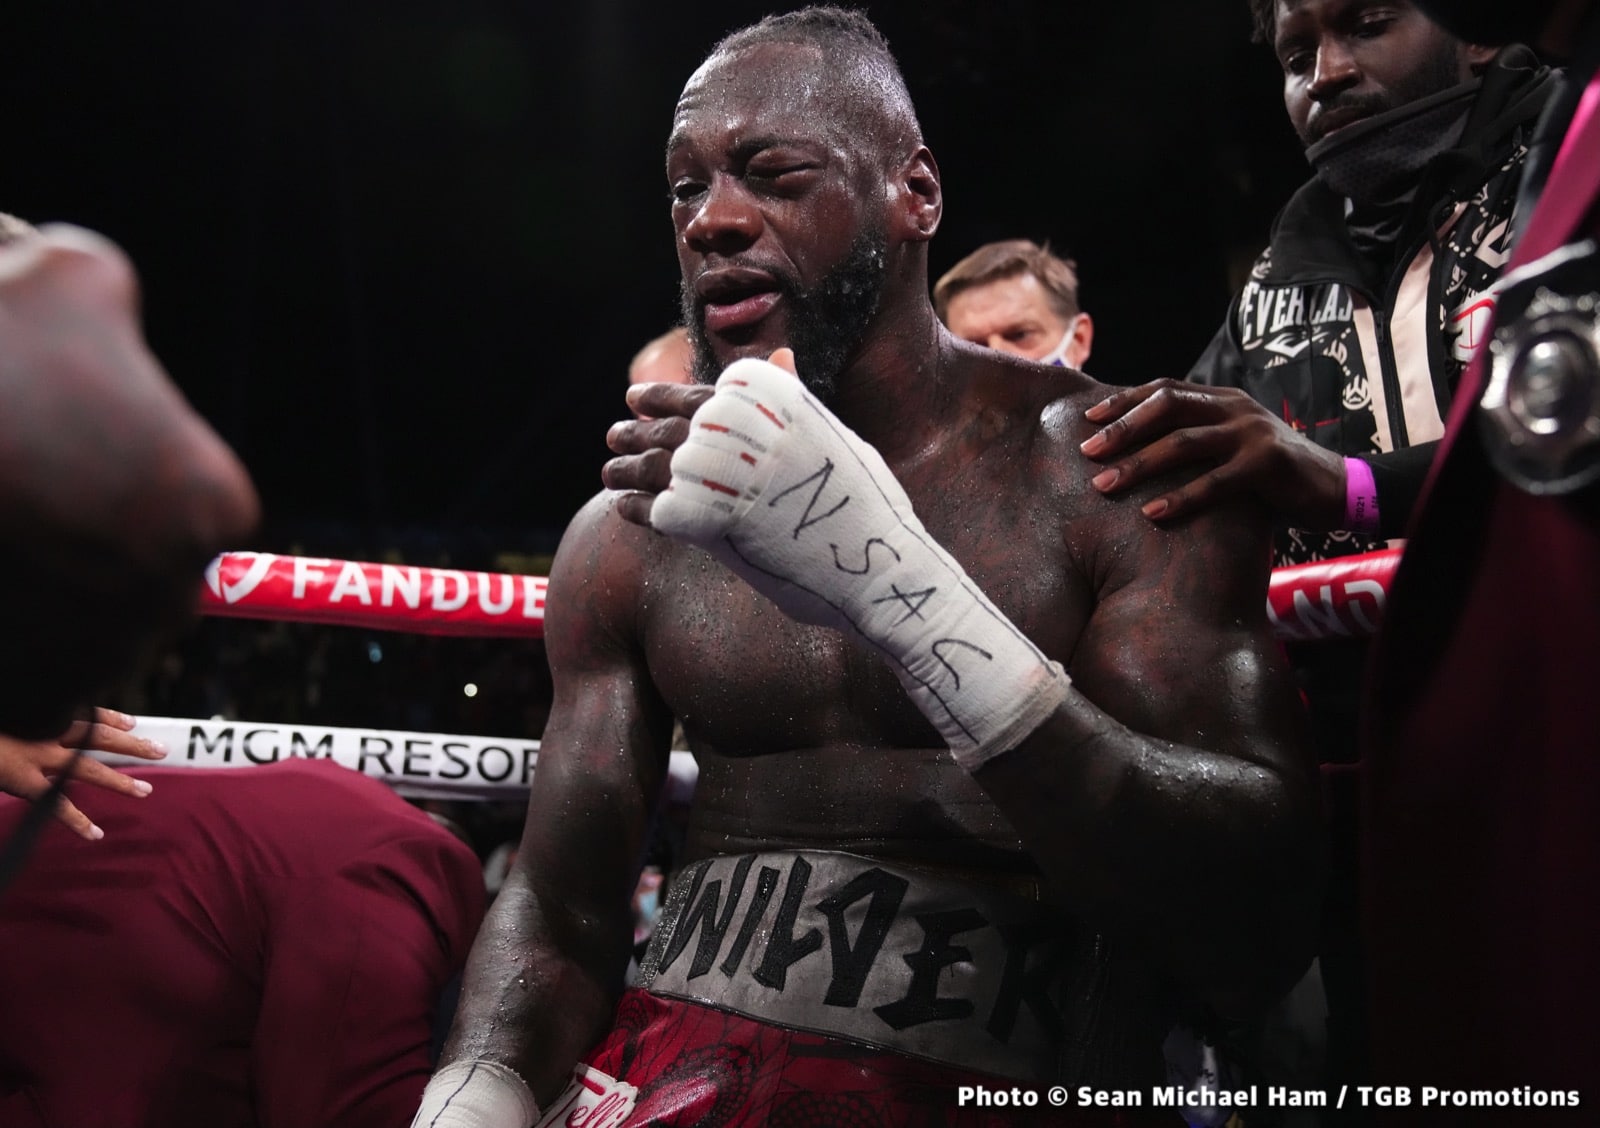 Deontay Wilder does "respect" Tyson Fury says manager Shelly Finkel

▬▬▬▬▬▬▬▬▬▬

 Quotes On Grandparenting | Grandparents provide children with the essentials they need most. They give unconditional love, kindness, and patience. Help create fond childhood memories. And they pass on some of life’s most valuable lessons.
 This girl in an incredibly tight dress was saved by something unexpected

▬▬▬▬▬▬▬▬▬▬

§ WHAT THE TASK ASKS
Transcribe the lines above between the line holding "Quotes On Grandparenting" and the line holding "This girl in", inclusive, exactly as they stand and with nothing added.

§ TASK OUTPUT
 Quotes On Grandparenting | Grandparents provide children with the essentials they need most. They give unconditional love, kindness, and patience. Help create fond childhood memories. And they pass on some of life’s most valuable lessons.
 This girl in an incredibly tight dress was saved by something unexpected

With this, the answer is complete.